Today’s story in Barron’s profiles the T. Rowe Price Real Estate Fund (TRREX). This $4.6 billion no-load fund sports one of the real-estate category’s lowest 0.79% expense ratio and minimal turnover of only 1.5% as of the end of May 2014.

According to the article

…the premise … is pretty simple: Give investors long-term exposure to commercial real estate and in such a way that they can sleep at night. The fund has delivered on that promise with average annual returns of more than 11% a year over the past 15 years, better than 80% of its peers. More impressive, perhaps, is that it has done so with relatively little volatility.

The following chart shows that, on an annualized return basis, the fund slightly outperformed its average peer and its prospectus benchmark:

TRREX Performance vs. Benchmarks

However, this does say anything about how the fund performed on a truly risk-adjusted basis. To discover that, let’s use the Alpholio™ methodology. Here is the cumulative RealAlpha™ chart for the fund:

Cumulative RealAlpha™ for TRREX

Since early 2005, the fund’s cumulative RealAlpha™ has been largely flat to negative. In other words, after a thorough adjustment for risk and after fees, the fund added hardly any value for its shareholders. As a matter of fact, the annualized discounted RealAlpha™ for the fund was a negative 0.10-0.20%. Moreover, over the entire analysis period the fund exhibited a relatively high annualized volatility of almost 27%, while its reference ETF portfolio’s volatility was about 1.1% lower.

The following chart shows ETF weights in the reference portfolio for the fund over the same analysis period:

Reference Weights for TRREX

The fund’s top three equivalent positions we in the SPDR® Dow Jones® REIT ETF (RWR; average weight of 35.6%), iShares Cohen & Steers REIT ETF (ICF; 29.6%) and Vanguard REIT ETF (VNQ; 26.2%).

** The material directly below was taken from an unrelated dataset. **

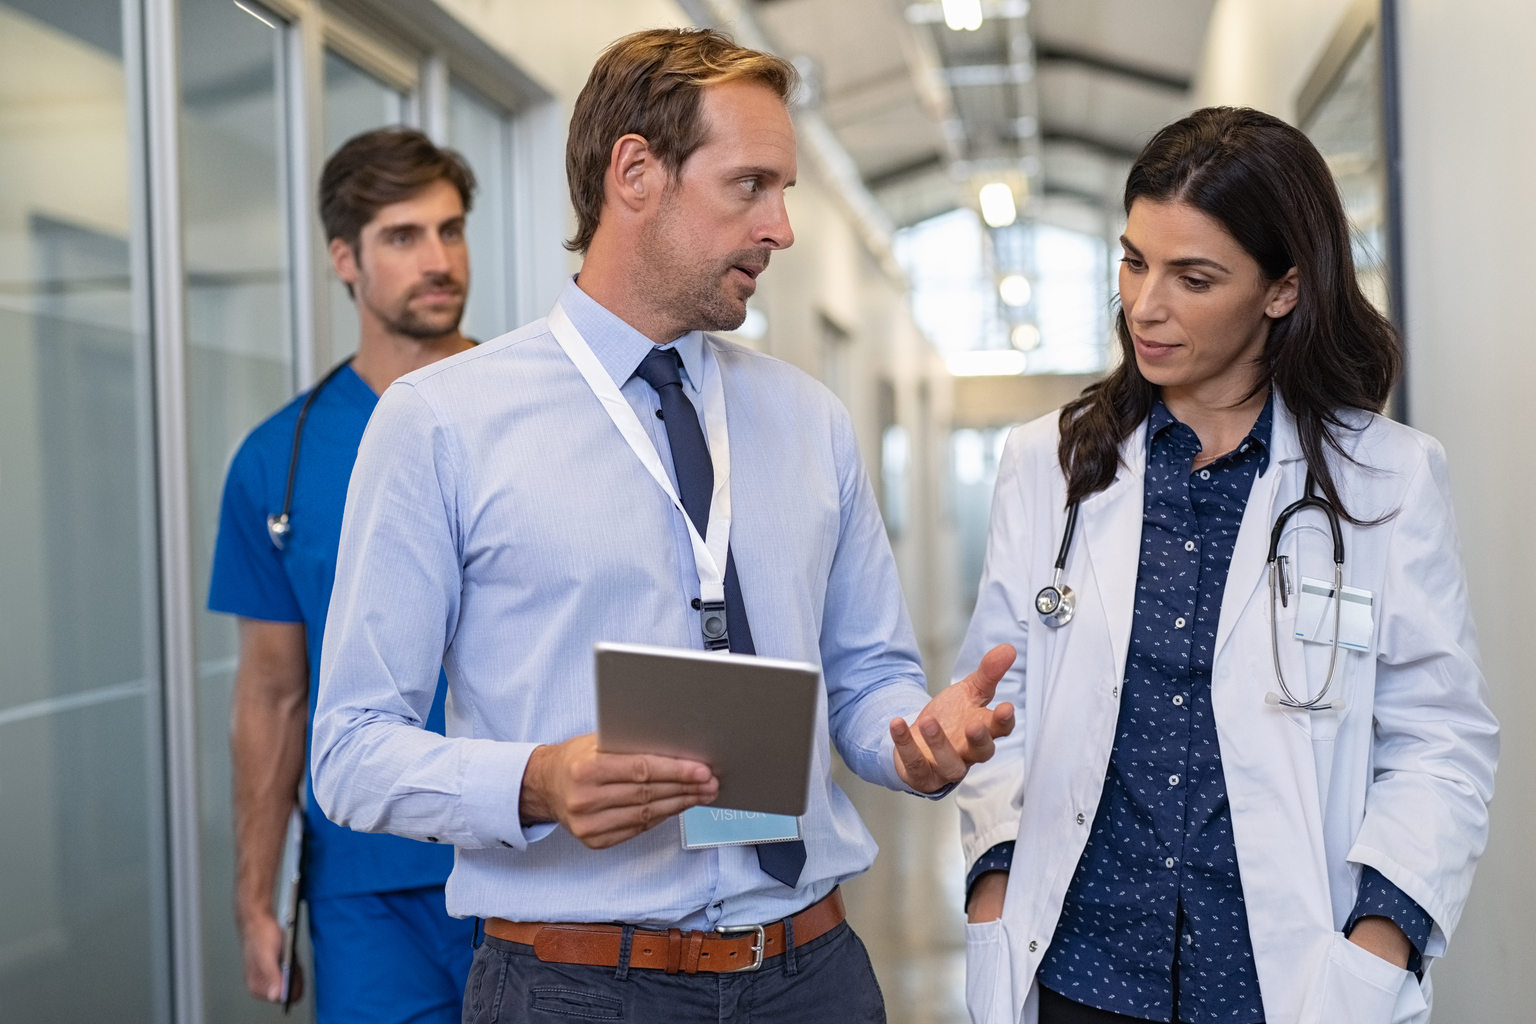 White male and female  doctor discussing in hospital hallway while holding digital tablet.

The additional ETF positions, which further help explain the fund’s returns, had a collective minority weight of only 7.6%.

Thanks, in part, to a low-turnover strategy, the T. Rowe Price Real Estate Fund has been quite tax-efficient. However, it also failed to outperform a dynamic combination of just three major REIT ETFs, which enabled an easy substitution of the fund. In fact, the current composition of the fund indicates that its top-ten holdings, which collectively constitute almost half of its assets, are also popular positions in these ETFs. Hence, based on the above analysis, investors have little incentive not to choose the latter investment vehicles as alternatives to the fund.